**EXERCISE GOAL:**
Search the listing below for the line with "חלונות מעוצבים - דגם שוקו", then write out that line and every one after it exactly, without the pictures.

**SOURCE MATERIAL:**
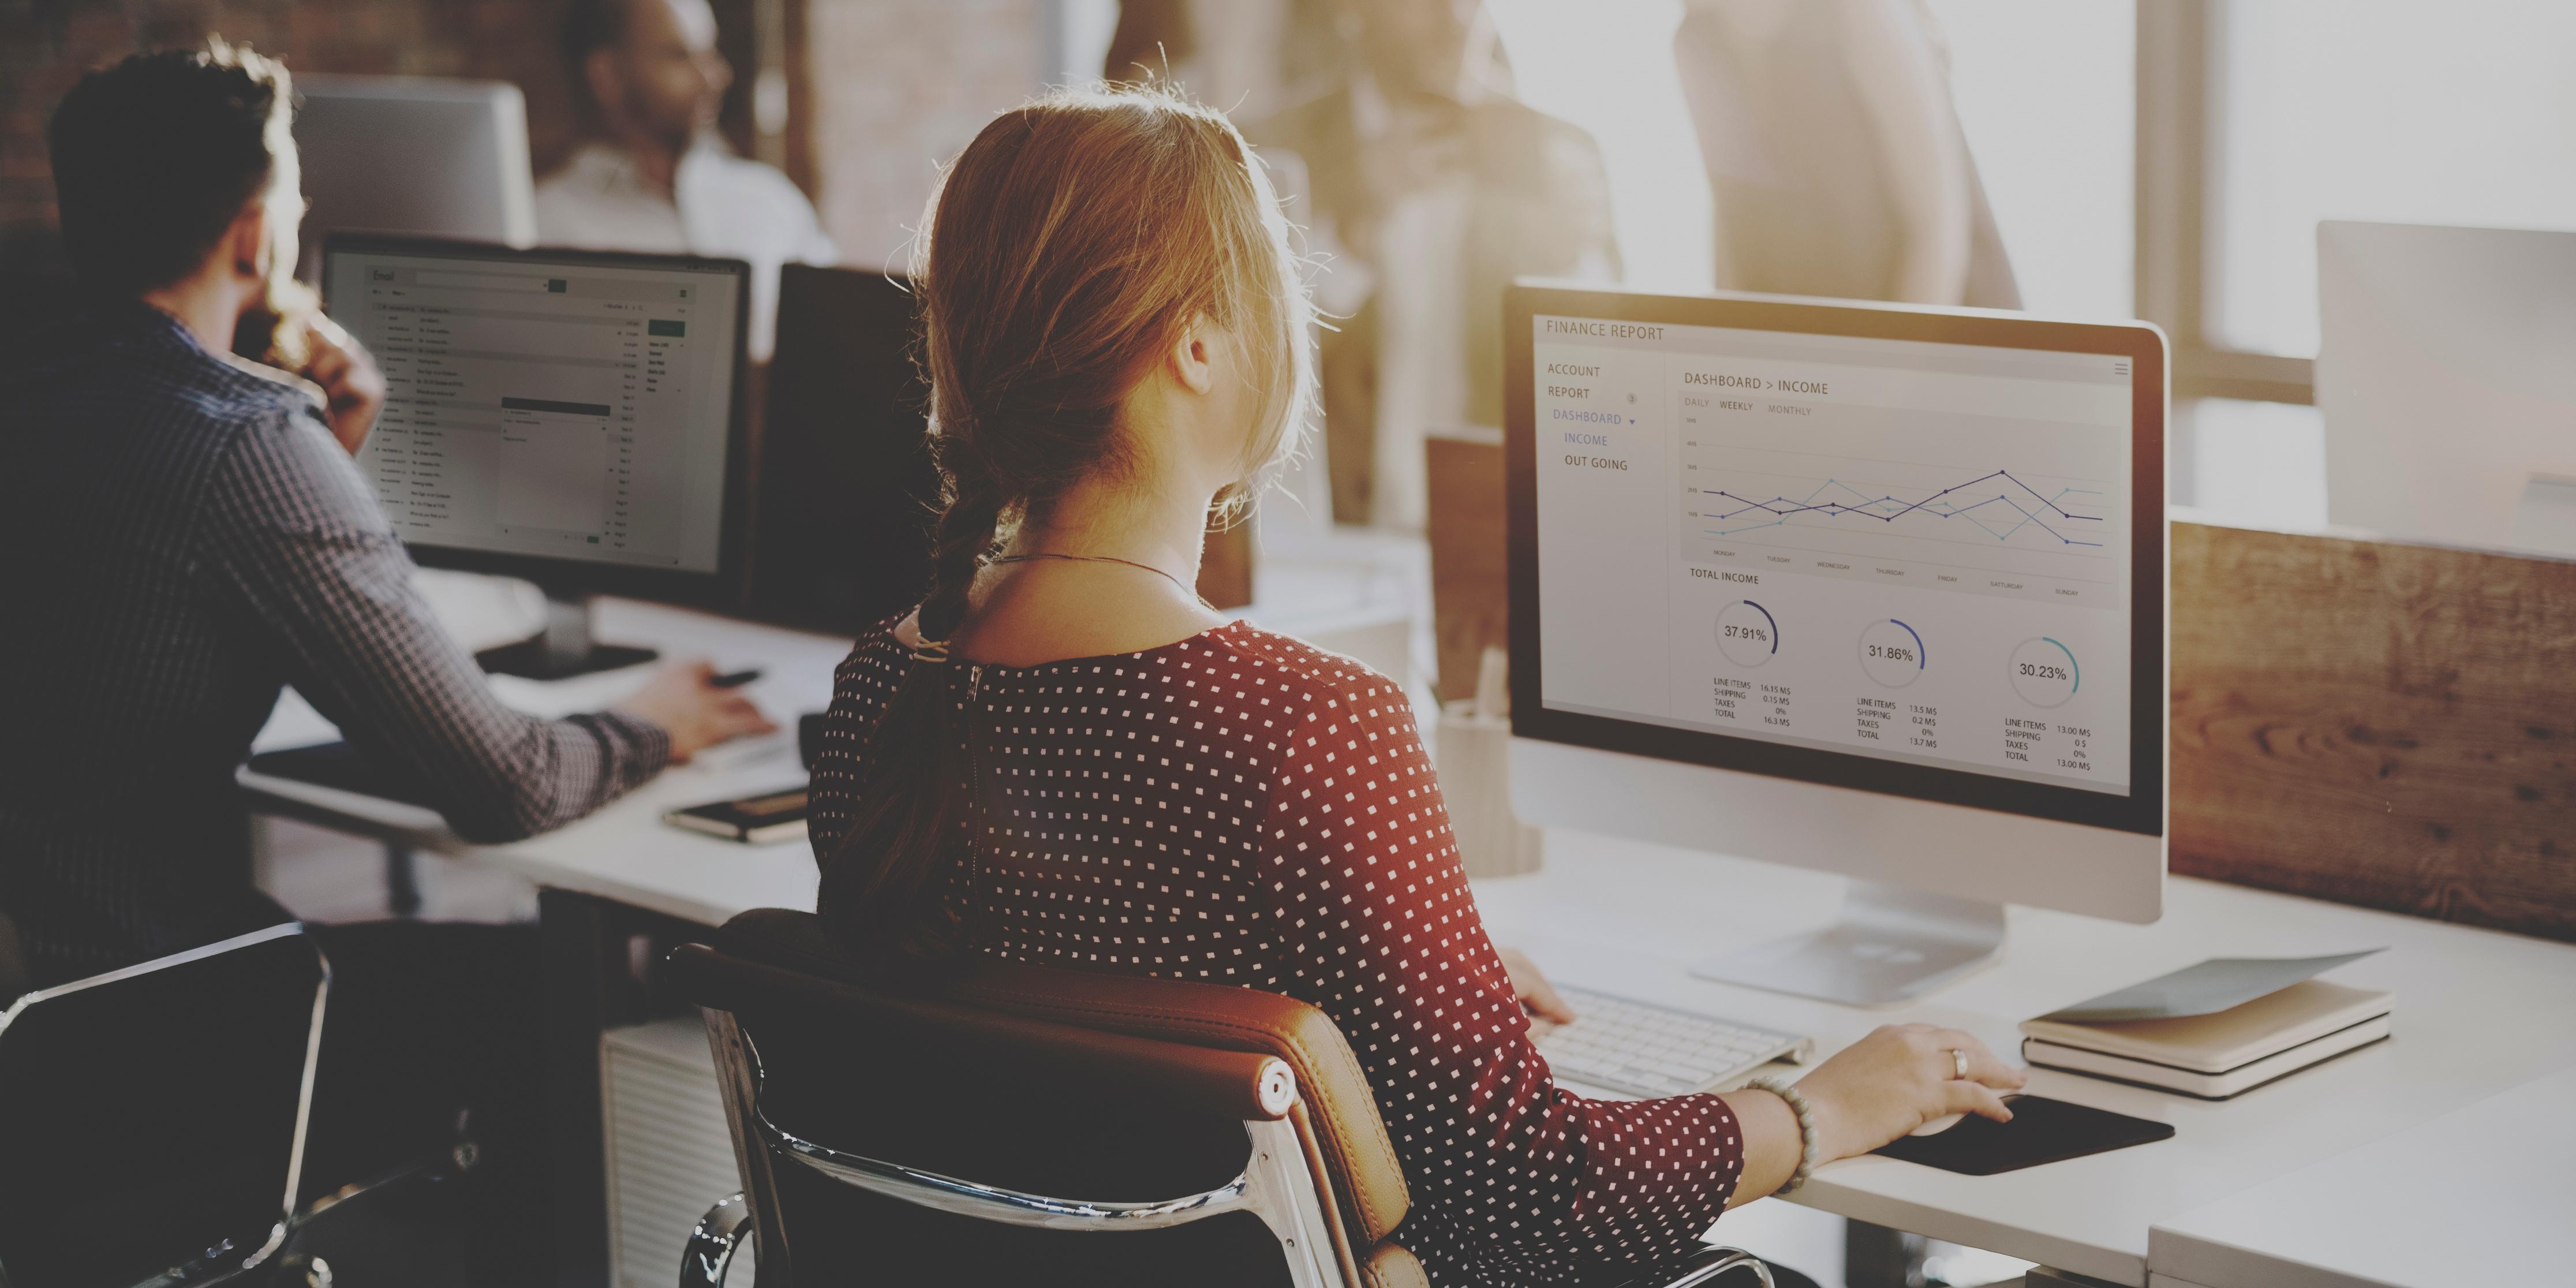 Cómo dirigir una agencia digital de manera rentable en 2017
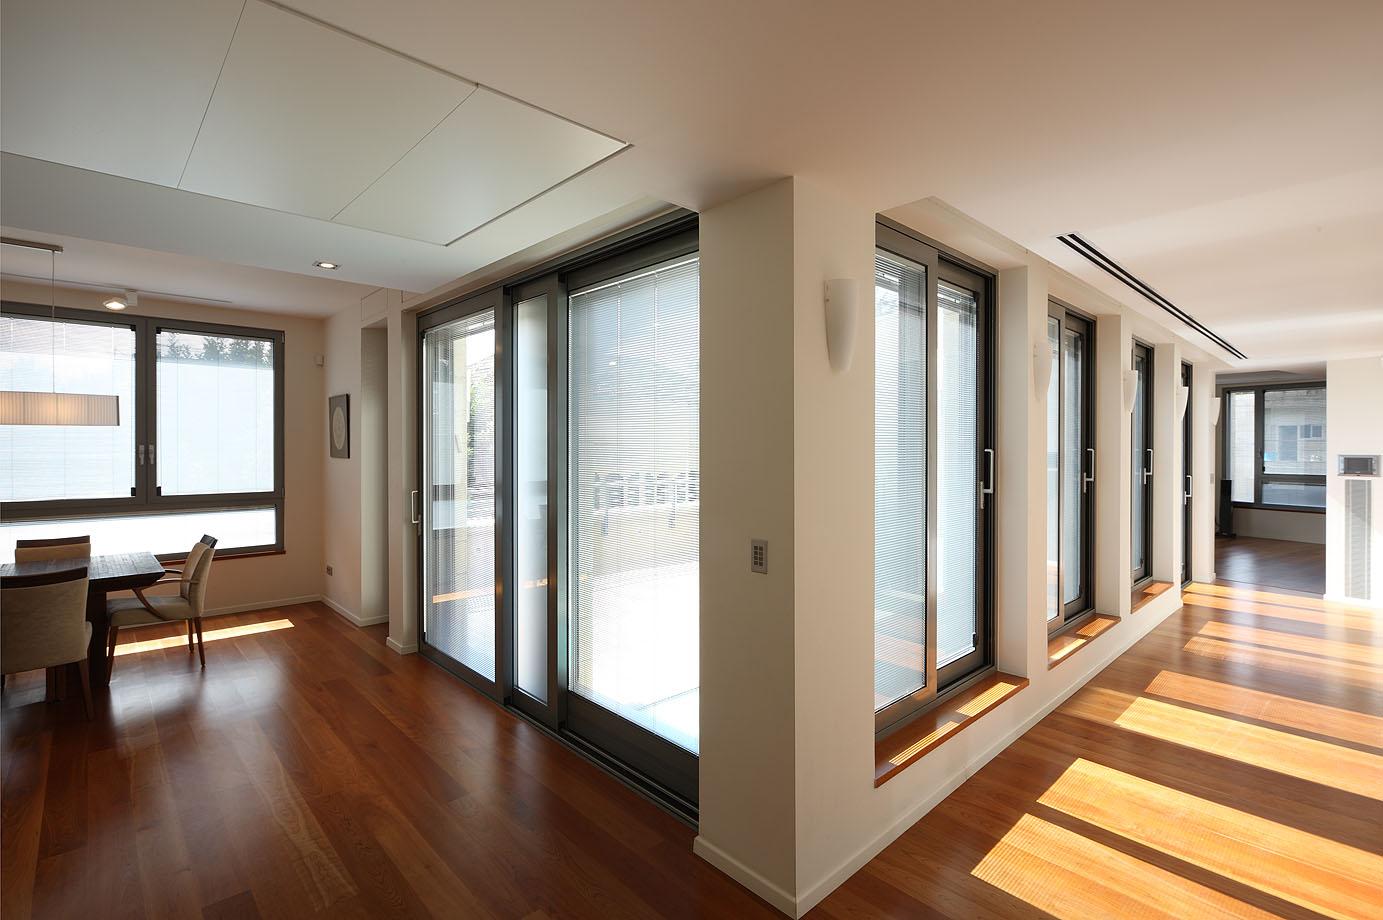 חלונות מעוצבים - דגם שוקו
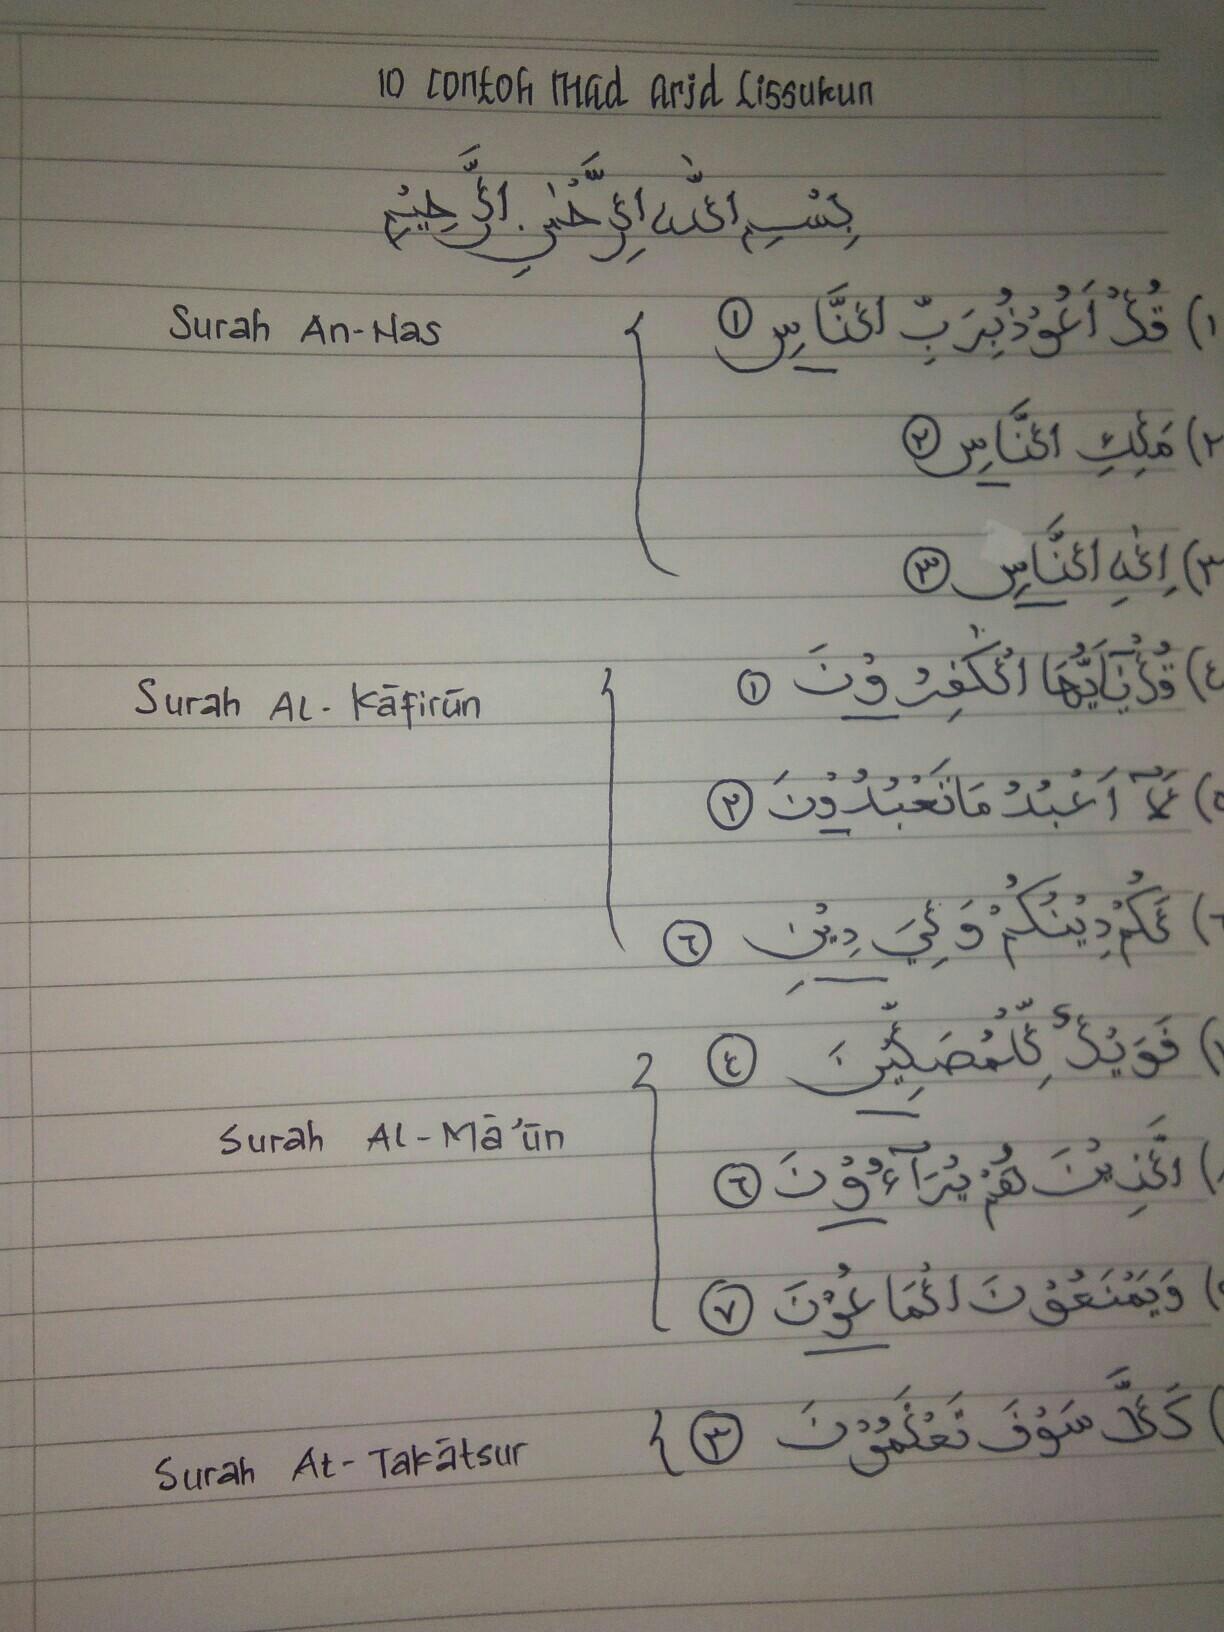 Pengertian Mad Arid Lissukun : pengertian, lissukun, Contoh, Lissukun, Dalam, Quran, Berbagai

**ANSWER SPACE:**
 חלונות מעוצבים - דגם שוקו
 Pengertian Mad Arid Lissukun : pengertian, lissukun, Contoh, Lissukun, Dalam, Quran, Berbagai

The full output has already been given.